Leider seems more compromised at the very top, but it could possibly be the conductor rushing. Flagstad is a force of nature, but Leider shows more emotional variety in her interpretation, and the quality of her voice especially in the middle register lends itself to said variety. I admit this was a difficult choice


----------



## Seattleoperafan (Mar 24, 2013)

Woodduck said:


> I want to ask Leider's conductor why he's in such a hurry, but I suspect it has something to do with getting the music onto two record sides. Her studio recording of the Liebestod is rushed too, and when we listen to her in the excerpts captured live at the Met in 1933 we really hear what she could do with Isolde. This performance is certainly fine, but not fully representative of her artistry.
> 
> Flagstad is live here, and vocally supreme, if a bit plainer and less pointed in her delivery than in some of her Met performances recorded a decade earlier.

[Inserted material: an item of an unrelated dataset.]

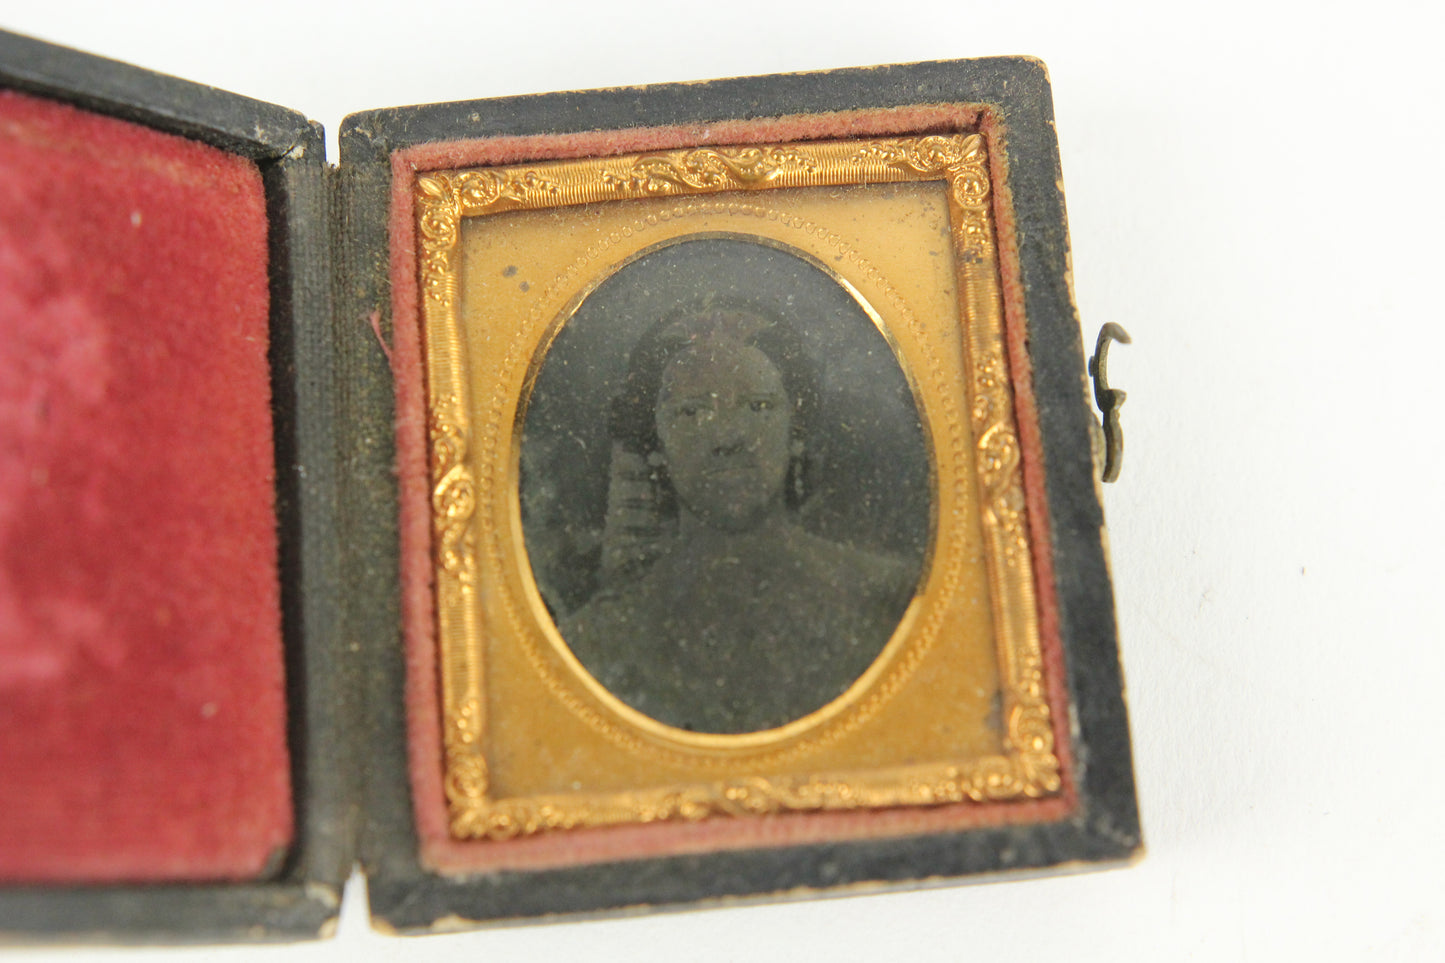 Ambrotype Photograph of A Pretty Young Woman in a Full Intact Case

The sheer physical impact of her voice when let out fully is pretty remarkable, but I must say that Leider gets a little more ferocity into the curse.
> 
> Two great Isoldes, neither heard at her absolute best, but both superior to anything we can hear today. Tough choice indeed. If Leider were not pushed along at such a breathless pace and had time to make more of the text I would vote for her, but as things are I think I'll give it to the tonal glory of Flagstad. The sheer beauty of her "Er sah mir in die Augen..." - her conductor giving her plenty of time for it here - always gets to me.

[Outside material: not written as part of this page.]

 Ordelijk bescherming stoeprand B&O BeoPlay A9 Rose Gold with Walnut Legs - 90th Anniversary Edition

I think Leider and Flagstad seem to be the leading Wagnerian sopranos in this forum from what I can tell. It's a pity Leider wasn't later. One wonders how big her voice was in the house? I've never heard. We know from testimony that Flagstad and Traubel had enormous voices.


----------



## Woodduck (Mar 17, 2014)

Seattleoperafan said:


> I think Leider and Flagstad seem to be the leading Wagnerian sopranos in this forum from what I can tell. It's a pity Leider wasn't later. One wonders how big her voice was in the house? I've never heard. We know from testimony that Flagstad and Traubel had enormous voices.


Big enough. She holds her own against Melchior in their recording of the T & I love scene.


----------



## Francasacchi (7 mo ago)

Unlike Flagstad, she did not start in lighter repertoire. I think her debut role was as Venus in Tannhauser.


----------



## MAS (Apr 15, 2015)

Odd that the older recording sounds clearer that the more recent one. The Flagstad is curiously recessed to my ears. The totality of that voice gets me every time and does so here.


----------



## Woodduck (Mar 17, 2014)

MAS said:


> Odd that the older recording sounds clearer that the more recent one. The Flagstad is curiously recessed to my ears. The totality of that voice gets me every time and does so here.


The Leider is a studio recording. The Flagstad is live (was it Buenos Aires in 1948?).


----------



## MAS (Apr 15, 2015)

(


Woodduck said:


> The Leider is a studio recording. The Flagstad is live (was it Buenos Aires in 1948?).


Ah so desu ka! That makes sense. Thanks!


----------